I fell in love with you the moment we met — you told me your name and all I could think about was how beautiful it would sound coming from my mouth as I laid in bed with you, as I fucked you, as I held you in my eager arms.
You had a wildfire inside you and I was drawn to it because it set my heart alight. You were a messy soul in a beautiful body. You were an effervescent hurricane, still trying to figure out what you wanted. You were a bright horizon that brought me to the edge. You were my favourite shade of blue, and knowing you felt exhilarating to the point of utter madness.
I was not supposed to fall this hard, but I let it happen because your body was too good and your words were too bold for me to stay away. Desire crashed into me like waves and tangled me up in the fantasy of us— out of reach but always there.

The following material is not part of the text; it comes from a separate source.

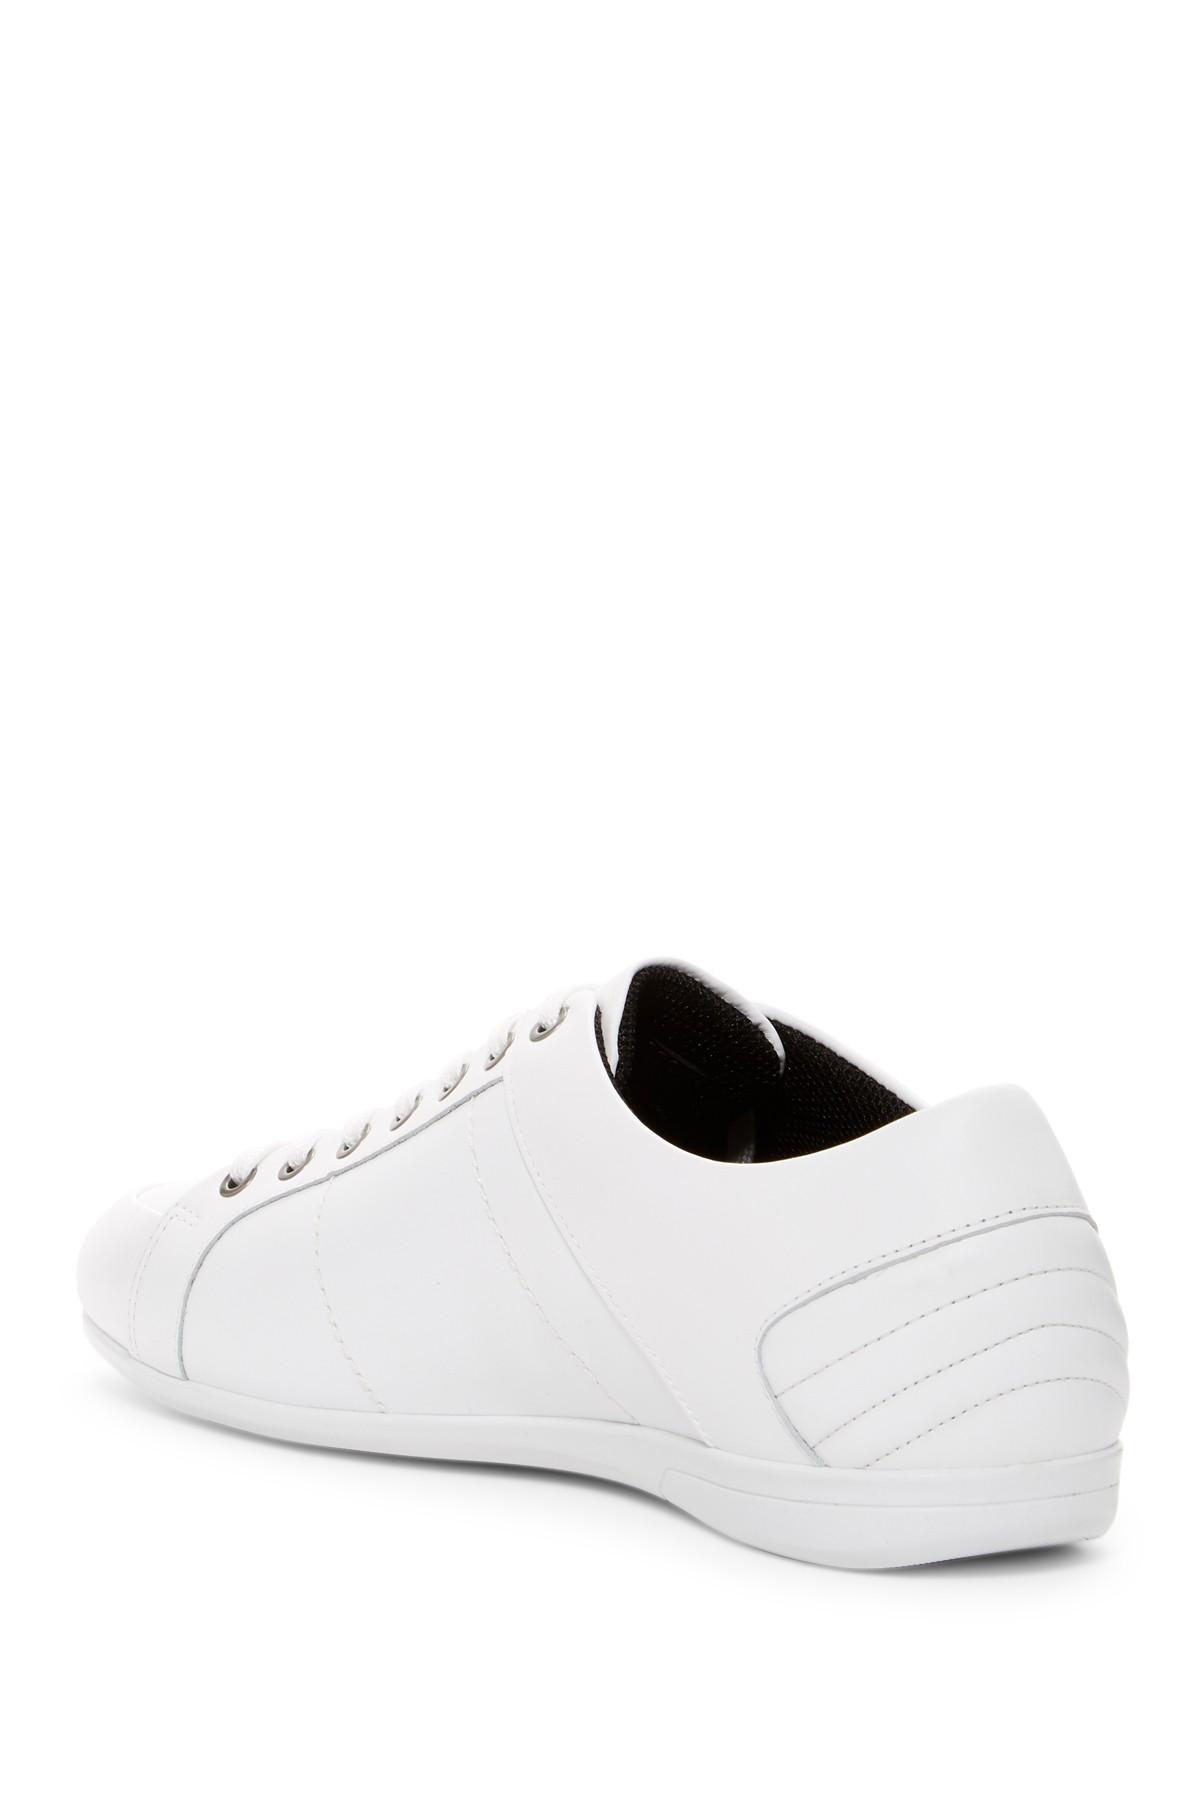 Versace Nappa Leather Sneaker in White

You left before I even had a chance. I could barely find the words in my mouth and the nerve in my bones to chase you down and tell you how you made me feel. We could have been pioneers of our own wild love if I had just let you in.
I told myself that you were supposed to get away because if I knew the curves of your lips more intimately, my world would have changed and I was not ready for that. How could I ever be ready for a torrid soul like yours?
I think about you when I want to go to paradise. All I want to do is touch you again but you would barely feel it. I want to hear your voice but there’s too much space between us. I want to fuck you but it’s too late. I want you to care but you didn’t even know.
Letting you go has made poetry feel bittersweet, the coffee in my cup taste melancholic, and the summers feel like heavy rain. I carry pieces of you in my hands because you made me love you too damn easily.
Distance makes the heart grow fonder — and being away from you has only made me realize that I still want you.